The State Bank of Viet Nam raised the US dollar exchange rate for the third time this year and expanded the dong's trading band in early August to counter China's move to depreciate the yuan. The decision is expected to influence the country's imports and exports this year. Viet Nam News reporter Mai Huong has a talk with Tran Tuan Anh, Deputy Minister of Industry and Trade about this issue.
How has the recent devaluation of the dong been affecting the country's imports and exports?
Tran Tuan Anh |
The central bank's adjustment of the US dollar exchange rate as well as expansion of the dong's trading band was a well-timed response to diminish negative impacts, particularly on the country's international commerce, of the continuous Chinese yuan depreciation.
China's currency devaluation has negatively affected exports of other countries, including Viet Nam, in major markets such as the US, Europe and Japan. Viet Nam says bilateral trade with China is now more advantageous for Chinese exporters.
The State Bank's decision helped ease pressure on Vietnamese exporters and ensure their competitiveness in export markets. This also helped reduce disadvantages for the country in the trade and investment relations with China.
In theory, cheaper currency will help boost exports. Do Vietnamese commodities still have price comparative advantage seeing that currencies of other exporting countries have also declined?
Many countries, including developed nations, have changed their forex policy after China let the yuan fall several times. This means countries are seeking to improve their export competitiveness. However, each country has different market segments. Through integration process, countries have specified their product segments in each market and their products can get a foothold based on brand value and comparative advantages.
Being a developing and exporting country, Viet Nam also has its comparative advantages. It has a cheap and diligent labour force. It also has access to the shift in investment inflows that move from higher developed countries to develop the labour-intensive manufacturing sectors, such as textiles and footwear. Viet Nam is now the second biggest textile exporter to the US after China.
Although forex changes could pose some difficulties for exporters, competition varies in different markets. Exchange rates affect a part of exporters' competitiveness. Other factors including production costs, brand value and product quality play a more pivotal role, but are still weak spots for Vietnamese producers.
Thus, the most important thing is still the long-term strategy of enterprises in building brand, reducing costs, improving product quality and meeting standards in difficult markets.

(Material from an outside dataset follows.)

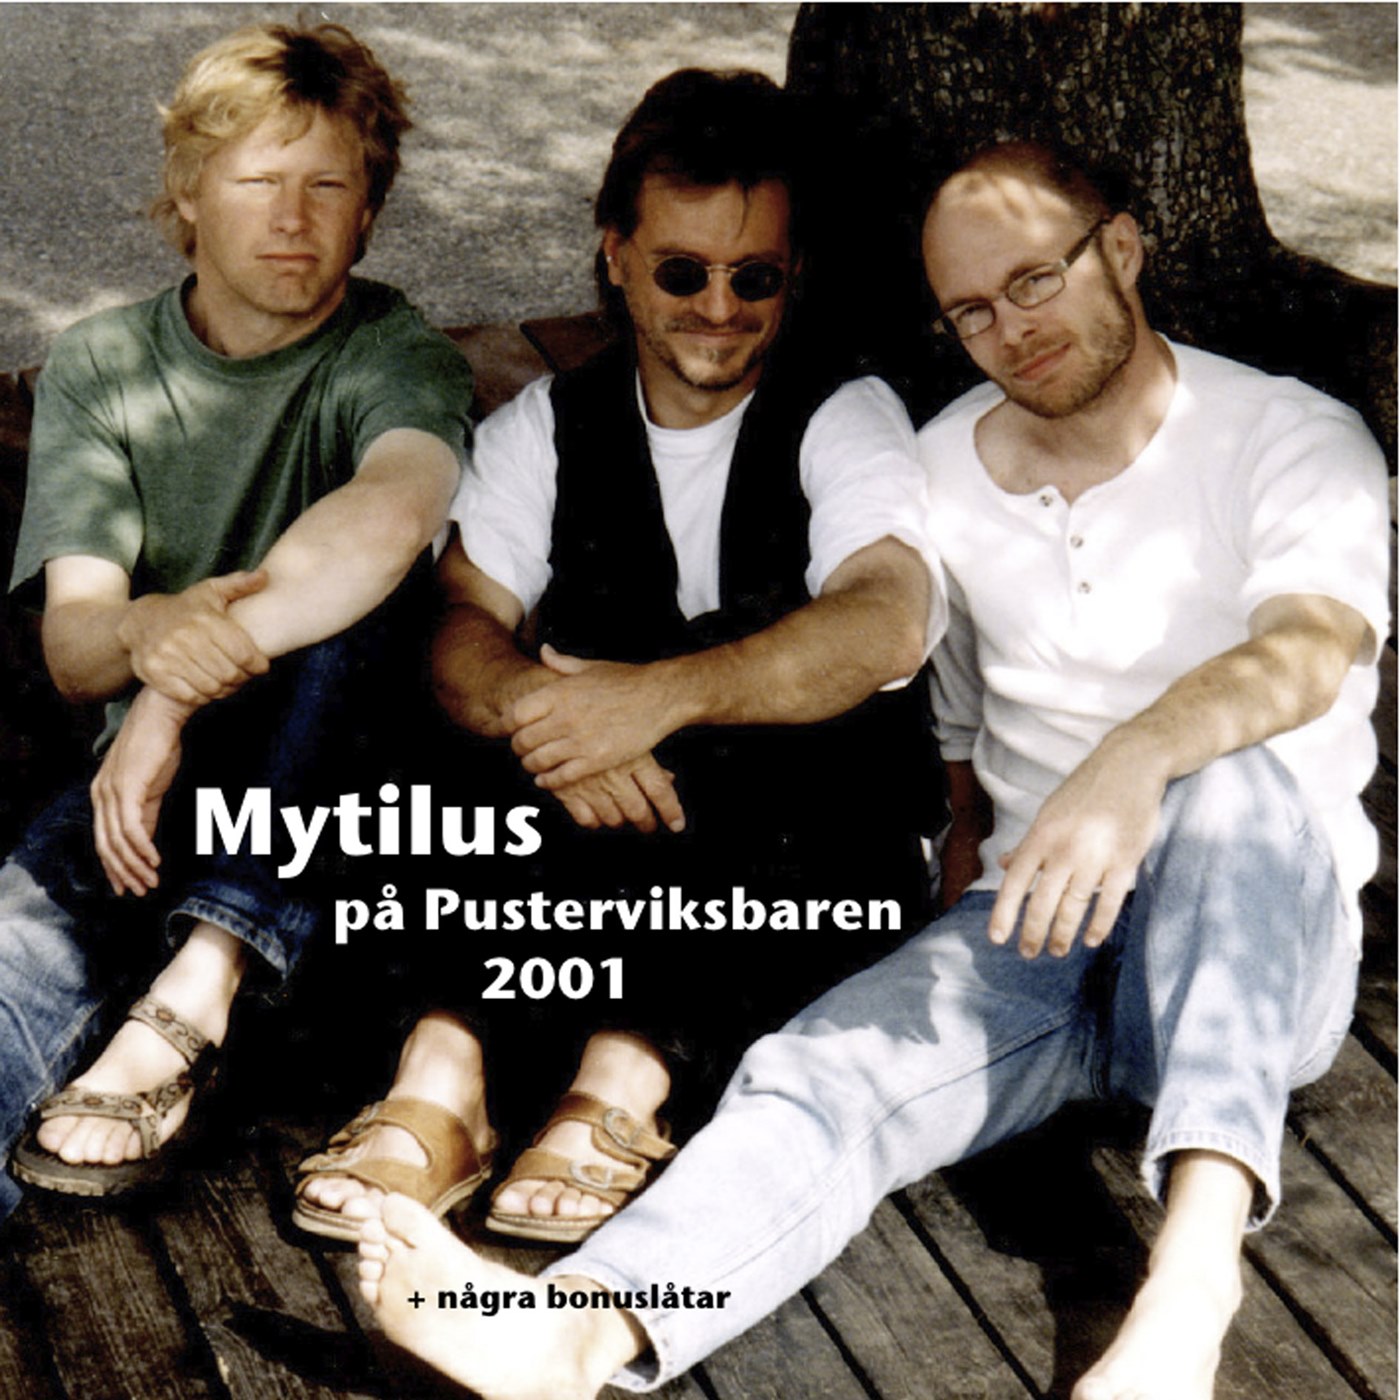 Mytilus på Pusterviksbaren 2001

Viet Nam is accelerating its integration into global trade. We have signed 10 free-trade agreements (FTAs) and entered the final negotiation stages for other accords such as the Viet Nam-EU FTA or Trans Pacific Partnership (TPP).
Is a currency war likely?
From the viewpoint of an international trade expert, I think a currency war will not bring any fundamental and long-term benefits for any country, even the initiator or involved parties. Every country wants to maintain a stable environment which can only attained through a harmonic currency and financial environment.
Depending on each stage, countries can adjust their monetary policy. However, this should not go beyond the country's control and threaten global currency and financial stability.
Many exporters complain about export declines in major markets like the EU and Japan due to the fall in the euro and the yen. What should businesses do at this stage?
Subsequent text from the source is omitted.